Overlooked No More: Si-lan Chen, Whose Dances Encompassed Worlds

It was in Moscow that Chen met the Harlem Renaissance poet Langston Hughes, who was in the Soviet Union to film “Black and White,” about race relations in the American South. The two began a flirtatious friendship (Hughes’s archives are filled with letters to her), though Chen mentions him in her memoir only in passing, writing that “Langston had been a sailor and walked like one.” She also included a poem he wrote about her: “I am so sad/Over half a kiss/That with half a pencil/I write this.”

Chen later met Jay Leyda, an American film student who was studying with the Soviet director Sergei Eisenstein.

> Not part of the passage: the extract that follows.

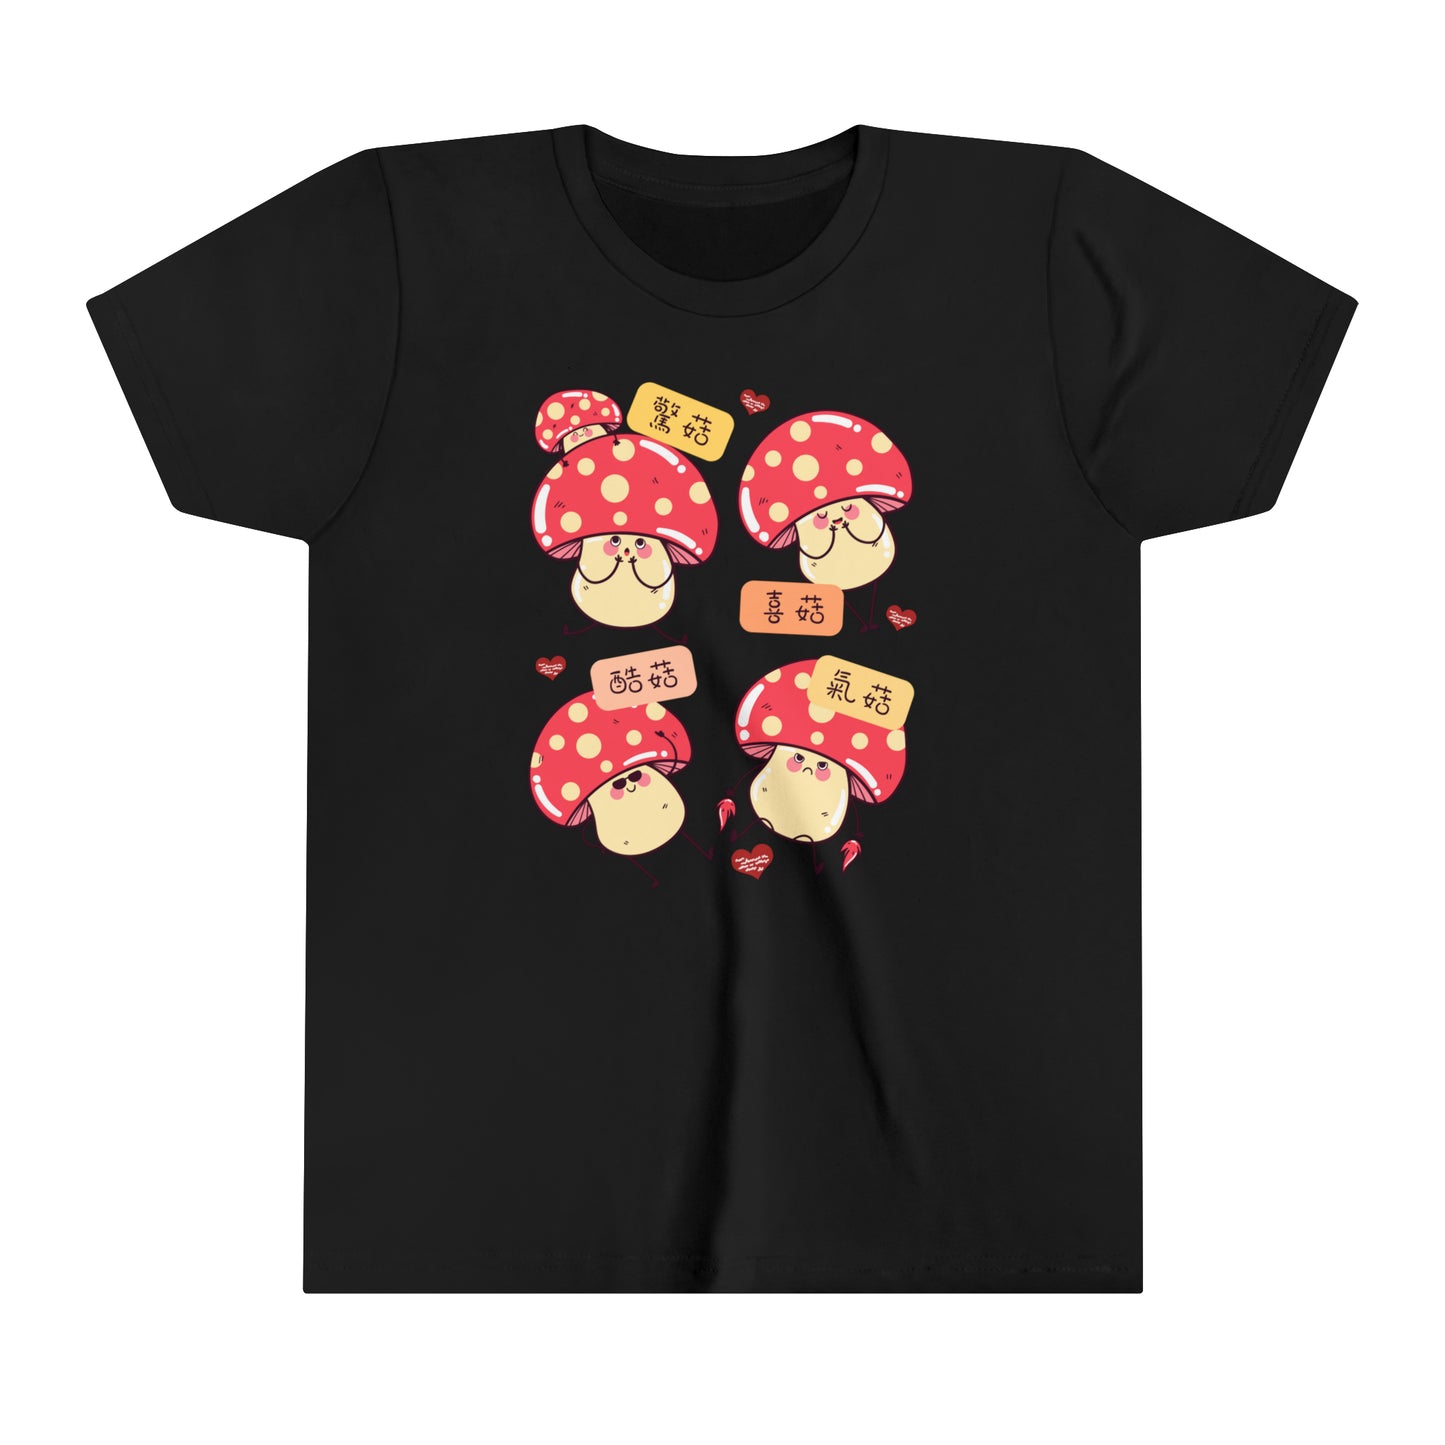 Kids Oh Mushrooms! Idioms T-Shirts

They fell in love and honeymooned in Leningrad before moving in 1937 to New York City, where Leyda was hired as an assistant film curator at the Museum of Modern Art. Because of the Chinese Exclusion Act, Chen had to leave the United States every six months and reapply for re-entry.

In New York, Chen joined the socialist New Dance Theater and finalized her repertoire, which included dances celebrating the poor and working-class of China (a beggar girl, a “rickshaw coolie”) and condemning bourgeois types (“a jingoistic American lady” and “that very ‘arty’ type of artist,” as she wrote in her notes). She also introduced American audiences to dances from Soviet Central Asia.

During the Second Sino-Japanese War (1937-45), she went on tour across the United States to raise money for the China Aid Council. An article about Chen ran in The New York Post with the headline, “Chinese Girl to Fight Japs with Dance of Propaganda.”

Despite her efforts to steer conversations toward the struggles facing the poor, reporters, show promoters and colleagues continued to sexualize and exoticize her. A flier for a 1938 performance hosted by the American League for Peace and Democracy read, “Spend ‘A Night in China’ with Si-lan Chen, Exotic Danseuse.” John Martin of The New York Times said of her New York debut that year: “She presents an attractive appearance, with a trig little figure and a lively and animated face. Her movement is crisp and smart and sure, with something of the characteristic clarity and precision of her race.”

Chen returned to now Communist-controlled China in 1959. Invigorated by what she described as a “new China, a socialist China,” she choreographed a ballet called “Hu-tung” (“Lane”), which celebrated Beijing’s street culture, with an emphasis on the games she saw children playing outside. It was accompanied by Bizet’s piano suite “Jeux d’Enfants.”

But the Chinese authorities reprimanded Chen for her choice of Western music — criticism that frustrated her because it was precisely this borrowing from and combining of cultures that was at the heart of her philosophy of dance. Further, it was how she understood her role in the world as a mixed-race socialist committed to building international solidarity.